Lettre adressée à quelqu'un qui ne la lira jamais, une morte : sa soeur,
Annie Ernaux nous confie tout de même l'espoir qu'elle puisse lui parvenir, au détour d'une conversation pareille à celle qu'elle surpris un dimanche d'été 1950, lui apprenant qu'elle avait eu une grande soeur.
Morte avant sa naissance, elle nous livre les tourments que lui infligent le fantôme de la jeune Ginette, morte vers six ans, une dizaine d'année avant la naissance d'Annie.
Elle ne nommera sa soeur qu'une seule fois dans la lettre, illustrant le rapport compliqué à cette jeune fillette qui portait le même sang qu'elle et qui pourtant lui paraît bien étrangère.
"Est-ce que je t'écris pour te ressusciter et te tuer à nouveau ?"
Au fil de la lecture, l'auteur laisse en suspens quelques questions entre crochet, qui ne recevront jamais de réponses puisqu'elles sont adressées à sa défunte soeur. Cependant, elle invite aussi le lecteur à y réfléchir, peut-être trouverons-nous chacun une réponse au fond de nous.
Les adresses directes à sa soeur, l'utilisation perpétuelle de "toi" et "tu", nous plongent dans l'intimité d'
Annie Ernaux, et nous donne l'étrange sensation de plonger dans des profondeurs qui devraient nous être interdites, comme si par hasard on ouvrait le courrier de quelqu'un d'autre.
Elle n'accuse personne, ni ses parents qui ont du beaucoup souffrir de la perte d'un enfant, ni sa famille. Elle se demande juste comment vivre avec ce poids qui n'est pas le sien et qui pèse pourtant sur ses épaules à chaque étapes de sa vie.
Se sentant coupable de grandir, de vivre à
la place de quelqu'un, elle trouve tout de même son chemin grâce au langage, dans l'écriture. Elle revient sur plusieurs de ses autres livres tels que "
La Place" et revient sur son questionnement : comment trouver sa place alors que quelqu'un d'autre devrait l'occuper ?
Comment mettre les mots sur cette absence présente ou sur cette présente absente ?
"Tu es hors du langage des sentiments et des émotions.

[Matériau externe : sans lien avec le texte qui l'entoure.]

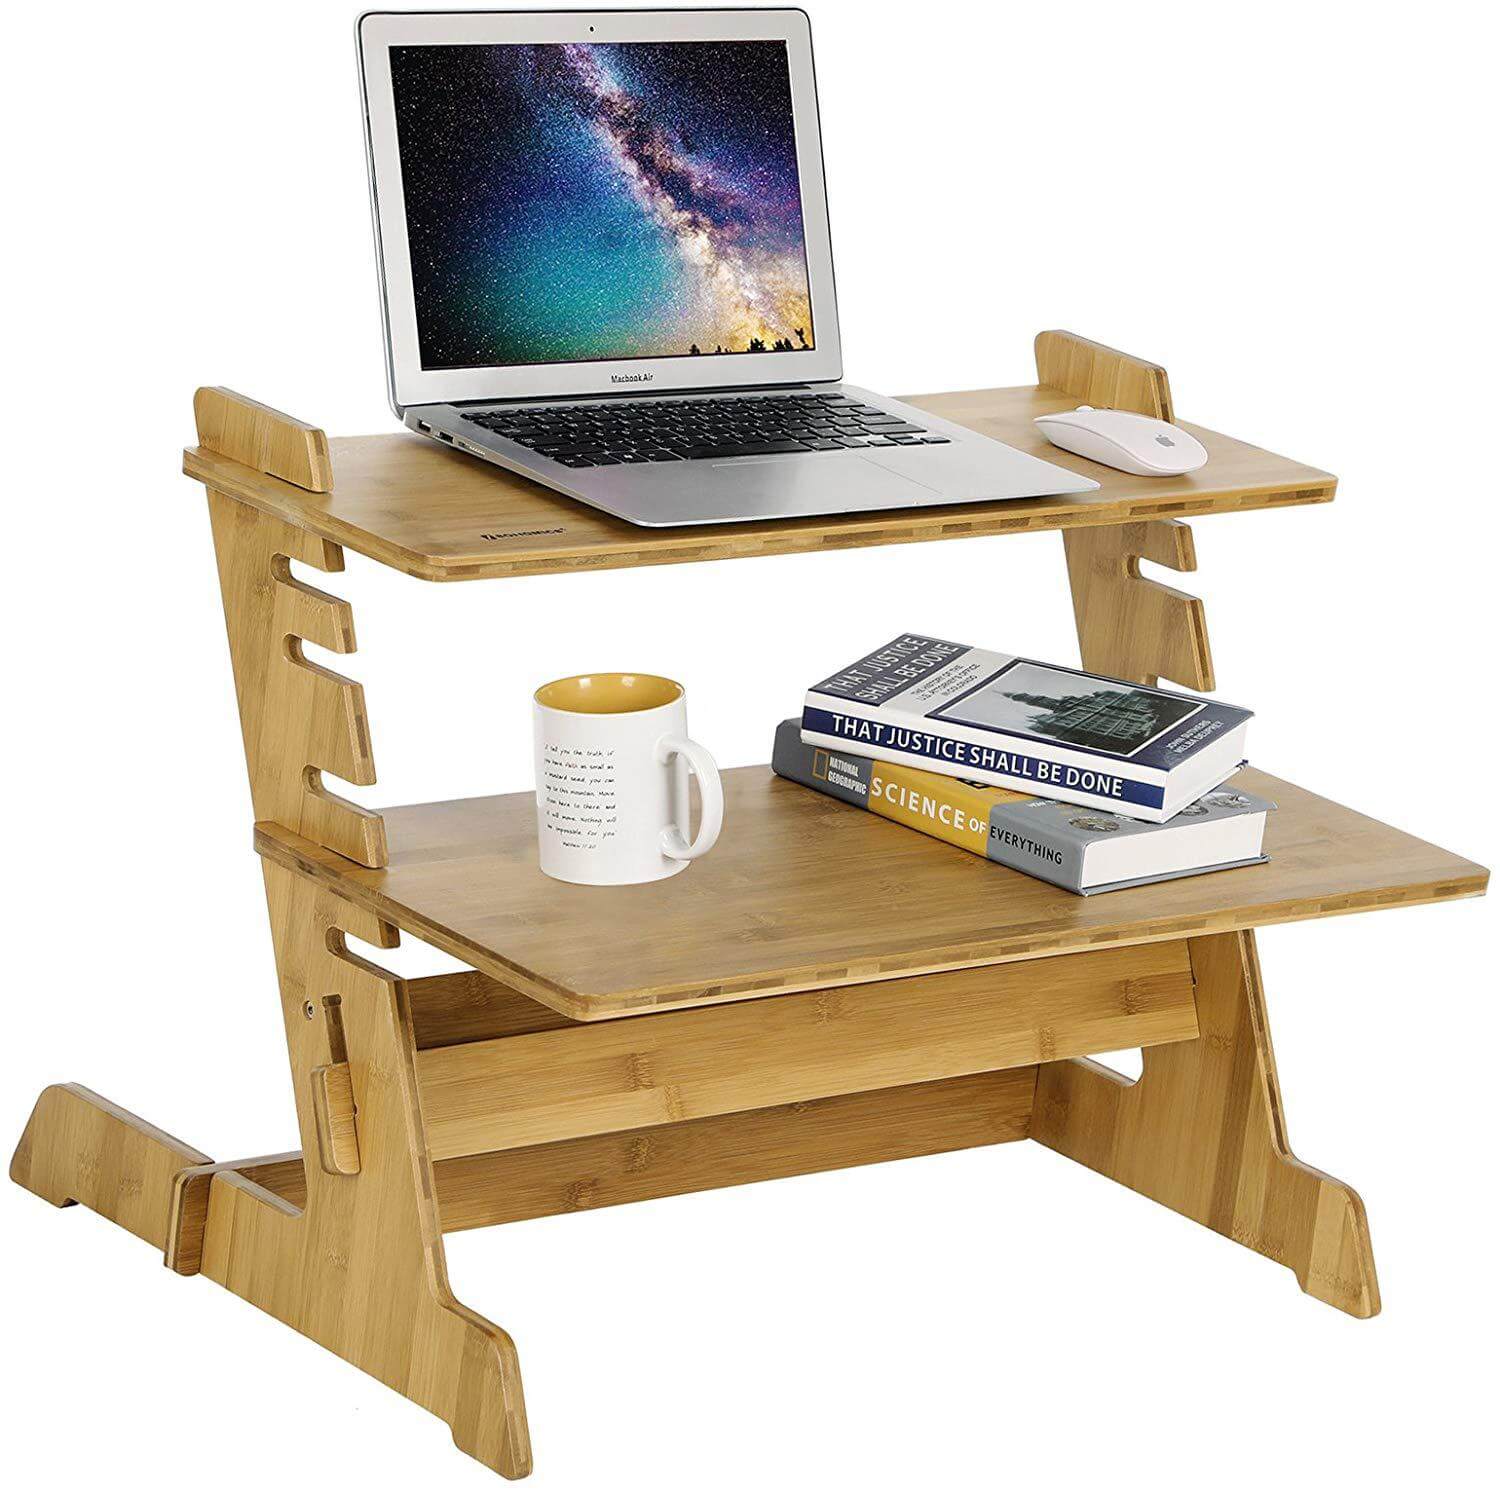 Standing laptop desk

Tu es l'anti-langage."
Elle revient également sur ce tabou entourant le secret familial, des parents qui n'ont jamais su lui dire qu'elle avait eu une soeur, les miettes qu'elle avait eu, peut-être quelques regret de ne pas avoir chercher à en savoir plus sur cette disparue, mais aussi l'incertitude de vouloir en savoir plus.
Cette quête d'identité, facilité par l'utilisation de la première personne du singulier, l'adresse à cette soeur mythifiée dans la mort et l'ignorance, rendent cette lettre bouleversante et nous invite à réfléchir notre rapport aux autres.
Les auteurs ont plutôt l'habitude d'aborder la question de l'enfant perdu du point de vue des parents, l'intérêt de ce livre est d'aborder tout en douceur (car c'est une lettre qui ne porte pas d'étiquette à proprement parler, qui est libre dans l'écriture) la question de la culpabilité de vivre à
la place d'une autre, d'être une éternelle remplaçante à qui la vie n'appartient pas vraiment.
Ainsi, au travers d'une association libre de récit de son enfance, Annie mêle vivante et morte, cherchant désespérément un moyen d'échapper et d'accepter ce fantôme.
Un moyen qu'elle trouvera peut-être dans l'écriture.